それは何かしらの影響ではなく、ヒナタ自身の問題だった。
「これ、私たちのことも書いてある」
ルゥが全ての資料に目を通す。ヒナタだけでなく、ユイやルゥ達のものまであった。
「うわぁ、ここまでのことどうやって調べたんだろ?」
想像以上に詳しく書かれており、背筋に冷たいものが走る。
「それに、これがやっぱり気になる」
そういってルゥが指したのは、開きっぱなしのパソコンのようなもの。
マウスやキーボードがついているので、使い方は同じようだ。
「ふむふむ、メール……これってまさか」
そのまさかだった。
そのパソコンに入っていたメールアプリ。開いてみれば、会話の履歴が写る。
そしてその相手は、サクラやヒナタなど、見たことのある名前だった。
つまり、クモの正体は、今目の前で死んでいる女性だったのだ。
「これ全部手作業で返信してたのか……あ、これは配信アプリ?」
メール意外にも、いかにも配信しますよというアプリがあった。
それを開いてみるが、使い方がよくわからない。
「これ、裁判の時のアレだと思う」
「ああ、確かに」
そうして思い出されるのは、裁判の時のクモの声だ。
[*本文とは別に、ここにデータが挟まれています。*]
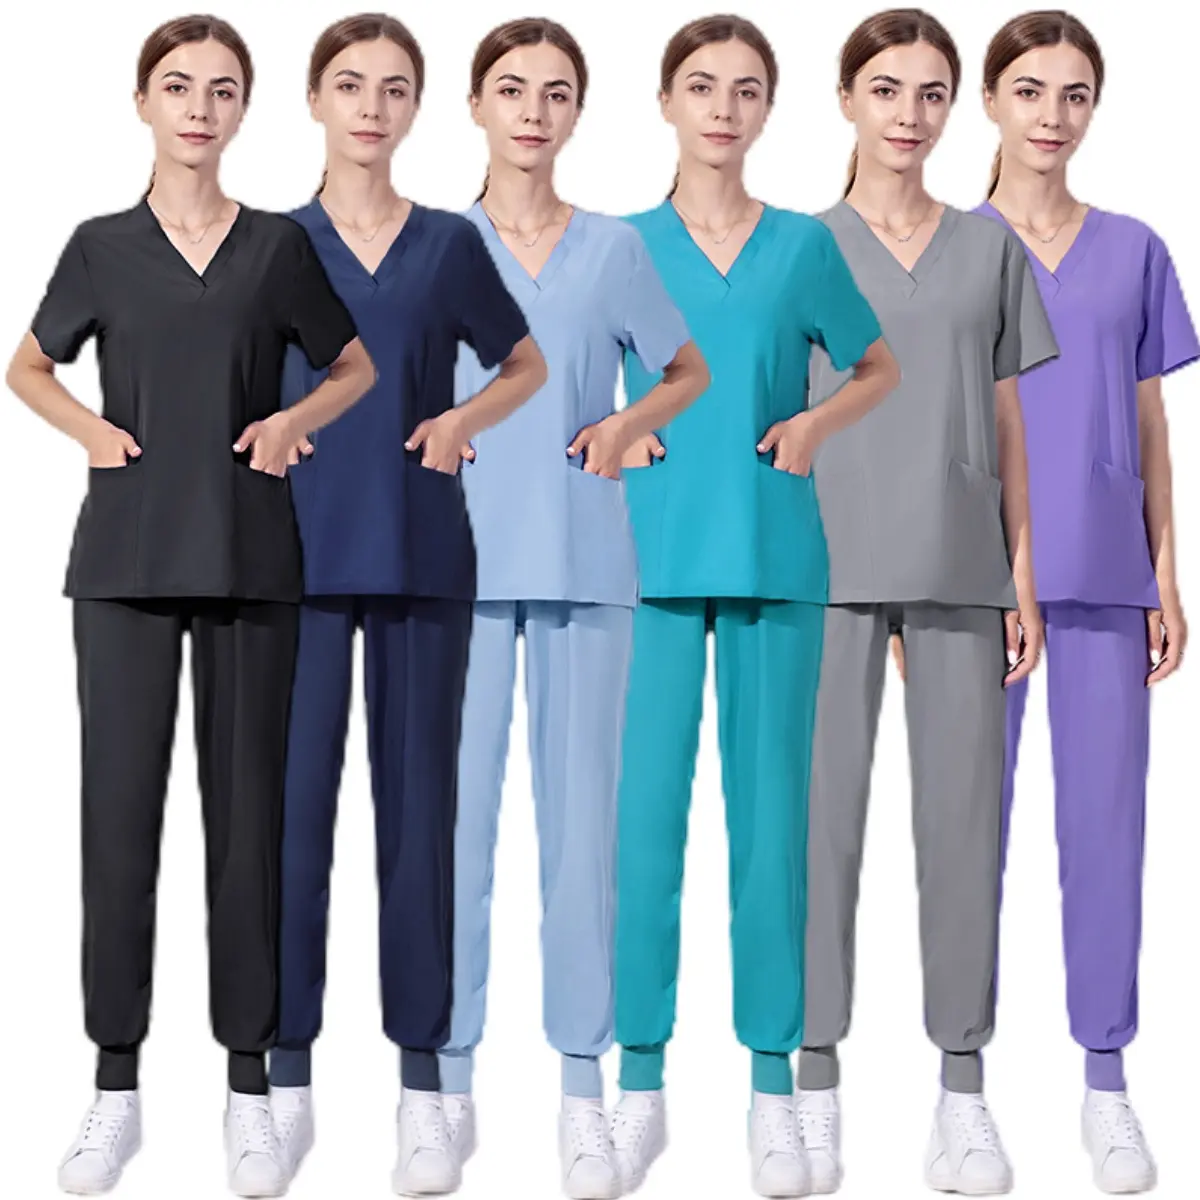 In magazzino 42016LW tute punjabi sottili da donna abito da donna colore grigio tute infermieristiche uniforme scrub set all'ingrosso

ボイチェンが入ったようなその声は、ここから発せられていたのだろう。
「あ、これは個人情報?」
更に探すと、個人情報について書かれているアプリを見つけた。
そこには、
◇名前:片桐 サヤカ
◇選ばれし大アルカナ:世界
と、書かれていた。
「片桐サヤカ……それに、『世界』か。サクラの言ったとおりだね」
サクラの推測通り、クモは『世界』の運命に選ばれていた。
「それはそれとして、なんでこんなことしてるんだろう……」
しかし、知れば知るほど、謎は深まるばかりだった。